Death

“Bodily Integration”: A Response to Robert Spaemann

Nicholas Tonti-Filippini

“The medical question for us now is whether the irreversible loss of all brain function is accompanied by the disintegration and loss of unity to which the Pope refers.”

In his “Is Brain Death the Death of the Human Being?,”1 Professor Robert Spaemann makes a number of criticisms of the practice of diagnosing death by the brain criterion. In the accompanying article2 I have offered criticisms of the current practice of diagnosing it by the clinical criteria alone, but have defended the teaching of Pope John Paul II on the issue of death by the brain criterion. To some extent at least, the criticisms that Alan Shewmon has made, to which Spaemann adverts, are also applicable to the current practice in many Western countries, especially the English-speaking ones, but not necessarily the concept itself.

This issue is confusing because there is some fluidity about the terms being used. I understand death by the brain criterion to mean complete and irreversible loss of all function of the brain. That is the way in which it is legally defined in most jurisdictions. I have argued that testing to ensure that there is no blood flow to the brain ensures that the loss of all brain function has occurred. It has not necessarily occurred if the clinical criteria alone are used. Several countries use the blood flow test as the standard, but most English-speaking countries rely on the clinical criteria alone in most instances.

Reliance on the clinical criteria alone allows the diagnosis of death on the basis of the absence of some brainstem reflexes, the history of the trauma, and the absence of circumstances that might mask the brainstem reflexes. In those circumstances the person might still retain some brain function. In fact, as I explained, many patients diagnosed by the brain criterion using the clinical criteria alone will retain some midbrain functions and the evidence for that is the absence of diabetes insipidus in those cases. There are some other brain mediated functions such as control of blood pressure, which may also be maintained in someone who has been diagnosed by the clinical criteria alone.

The practice of relying solely on the clinical criteria has led to some confusion about what death by the brain criterion means. If it means complete and irreversible loss of all function of the brain then clearly the clinical criteria are not sufficient to diagnose it. Some of the concerns that Spaemann reports in relation to continued activity in someone diagnosed by the brain criterion may apply after diagnosis using the clinical criteria alone, but the teaching of John Paul II was based on loss of all brain function, and he was careful to spell out that he means “the complete and irreversible cessation of all brain activity (in the cerebrum, cerebellum and brain stem).”3 That a patient with loss of all brain function could reach out and touch the body of a nurse, as Spaemann reports, is simpily not possible.

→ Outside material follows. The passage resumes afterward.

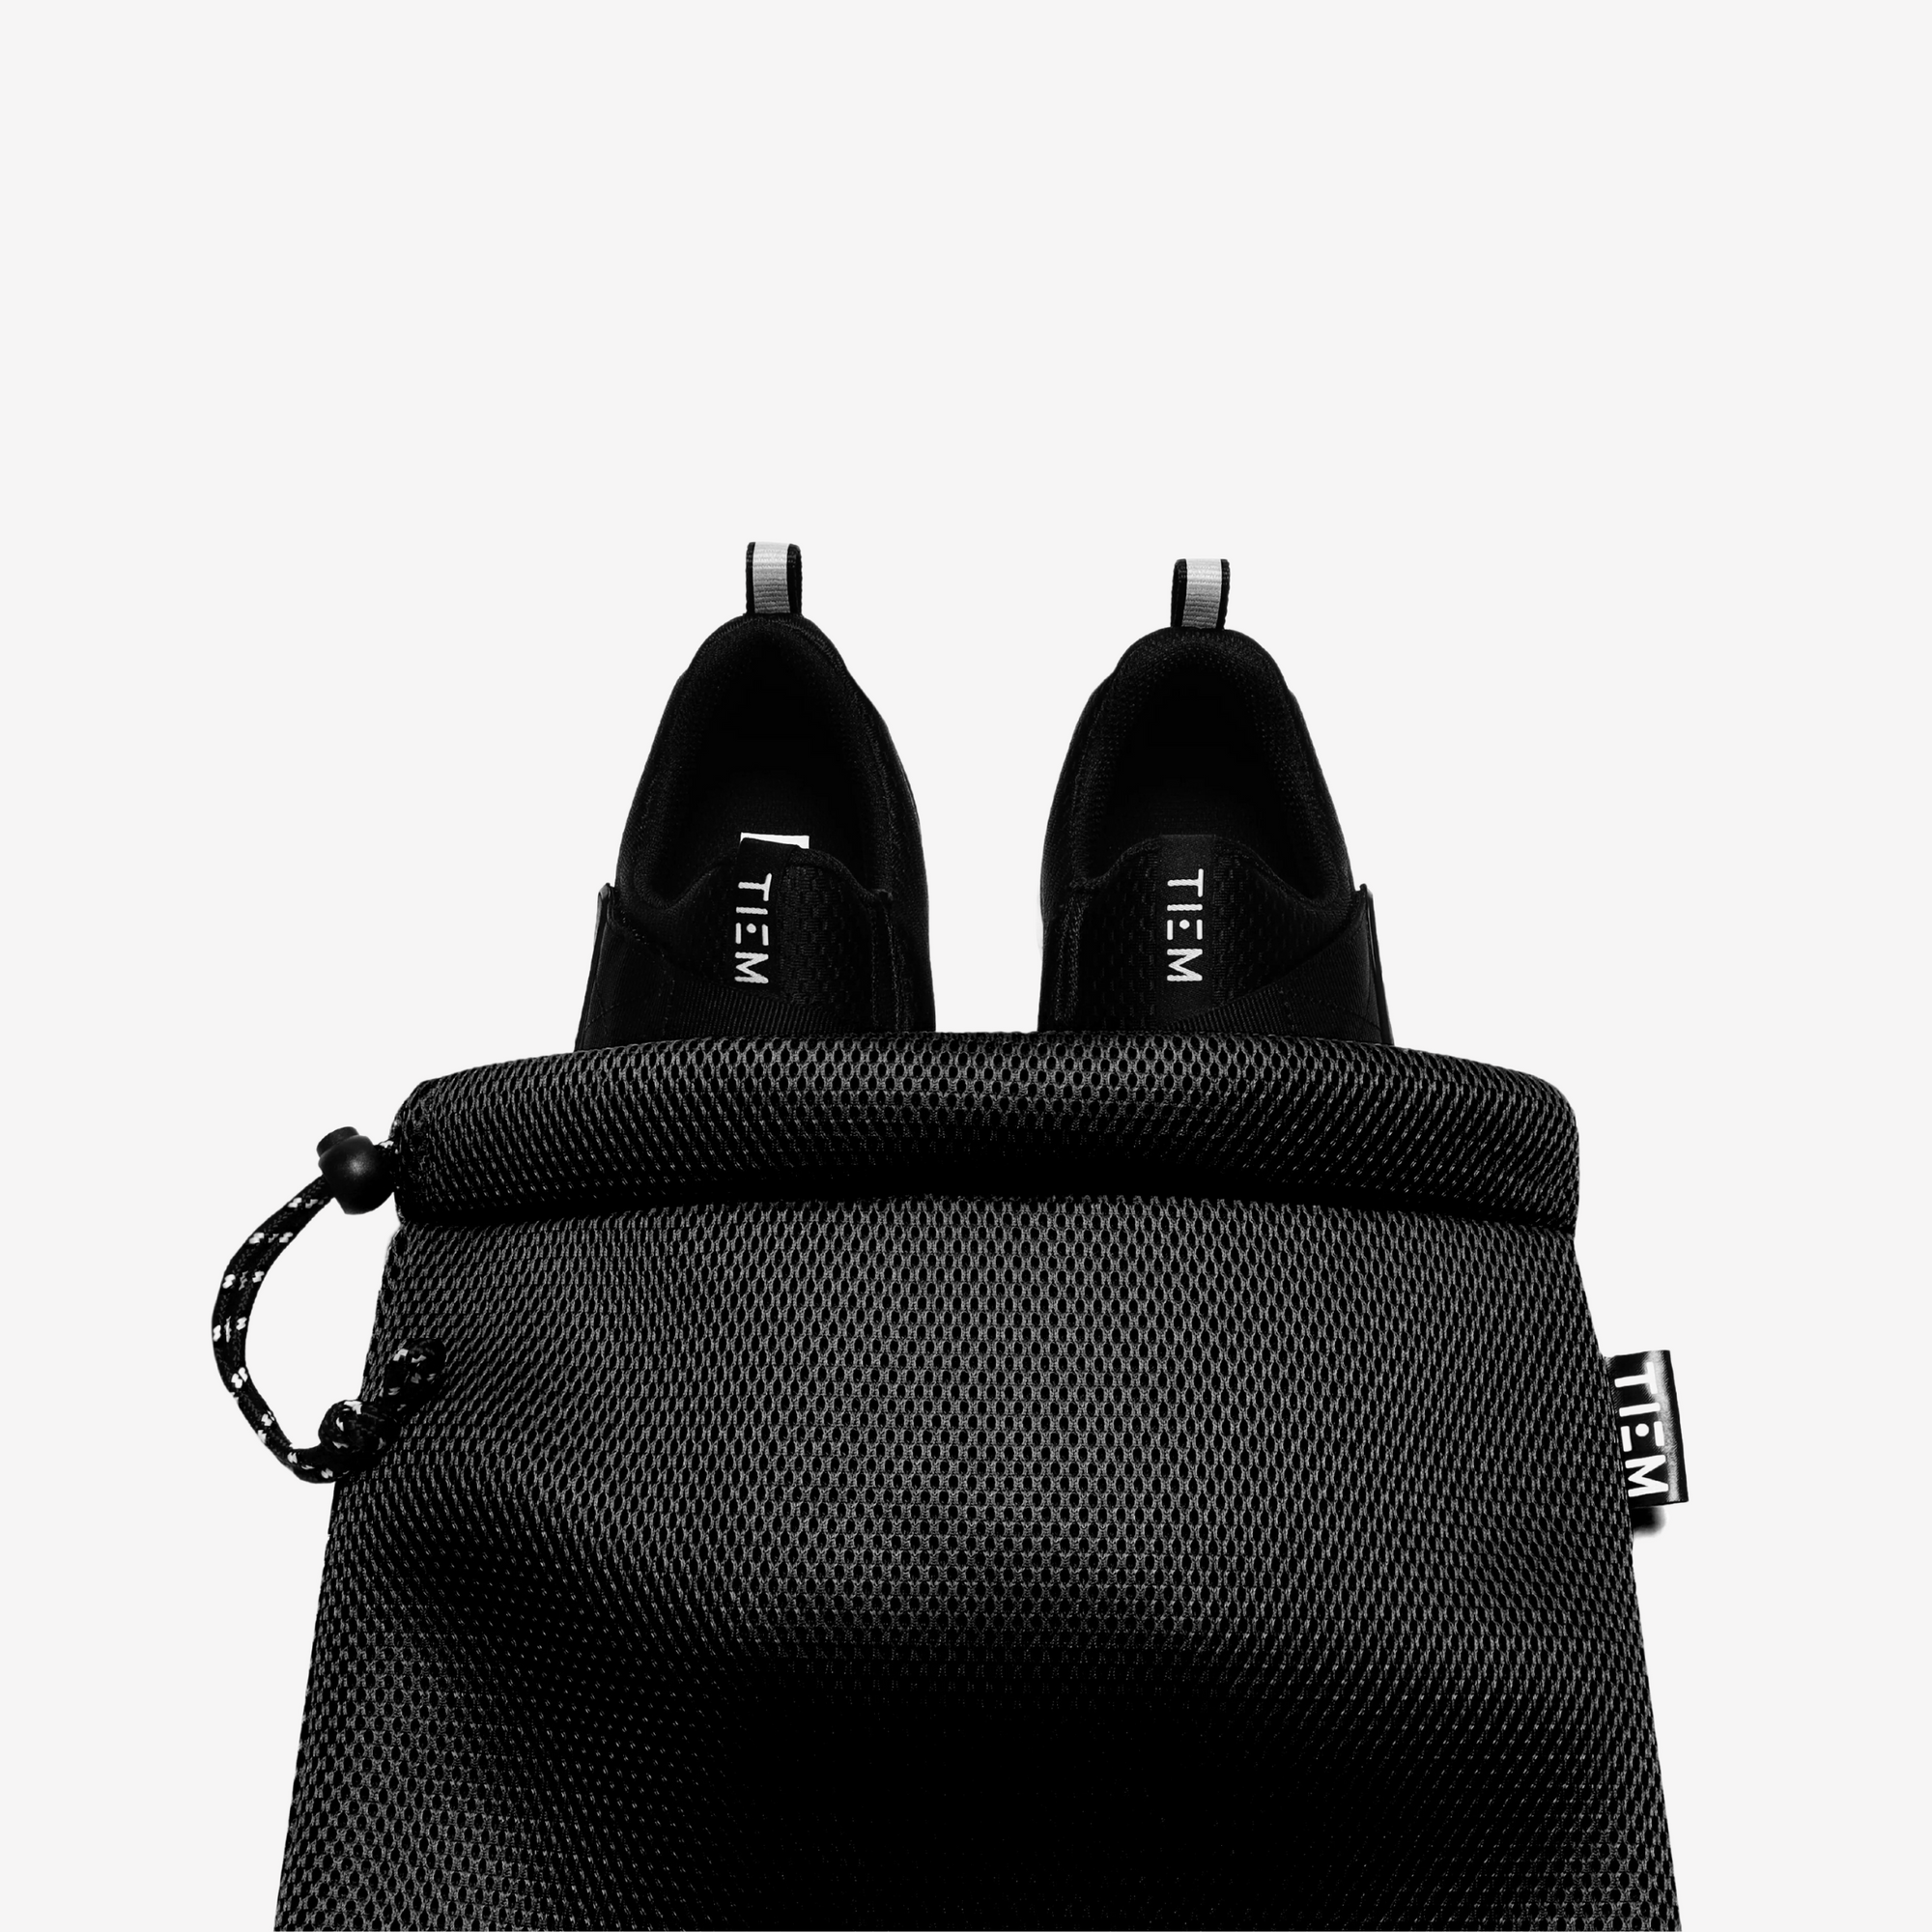 Shoe Bag - Black

That said, Spaemann also takes up the arguments of Alan Shewmon on the matter of integration and whether the loss of all function of the brain is sufficient to establish loss of integration in the way in which John Paul II used the concept insupporting diagnosis of death by the brain criterion. I agree with the validity of Spaemann's argument that if John Paul II relied on a medical understanding that was mistaken then we would have grounds to question the teaching. However, this issue does need to be addressed, and as I have argued in my own article, it needs to be addressed on the basis of the doctrine about what death is.

Spaemann refers to Shewmon presenting his research results on integration after diagnosis by the brain criterion at a conference in Cuba and reports that there was surprisingly broad acceptance. Shewmon's research was also well received by the U.S. President's Council on Bioethics. In fact it was so well received that the Council dismissed the use of the concept of integration as the basis for diagnosis of death by the brain criterion. Instead, they adopted what they called a "mode of being" view which allows death to be diagnosed on the basis of irreversible loss of spontaneous breathing and irreversible loss of consciousness. The latter view is clearly subject to the criticisms that Spaemann has made of death by the brain criterion.

Most of the President's Council took the "mode of being" view, demonstrating that the majority thinking is far removed from the Church's thought, as represented by the teaching of John Paul II. The Council clearly lacks an ontological view of the human person and makes no apparent effort to relate its understanding of death to the religious view that death is the separation of the soul from the body.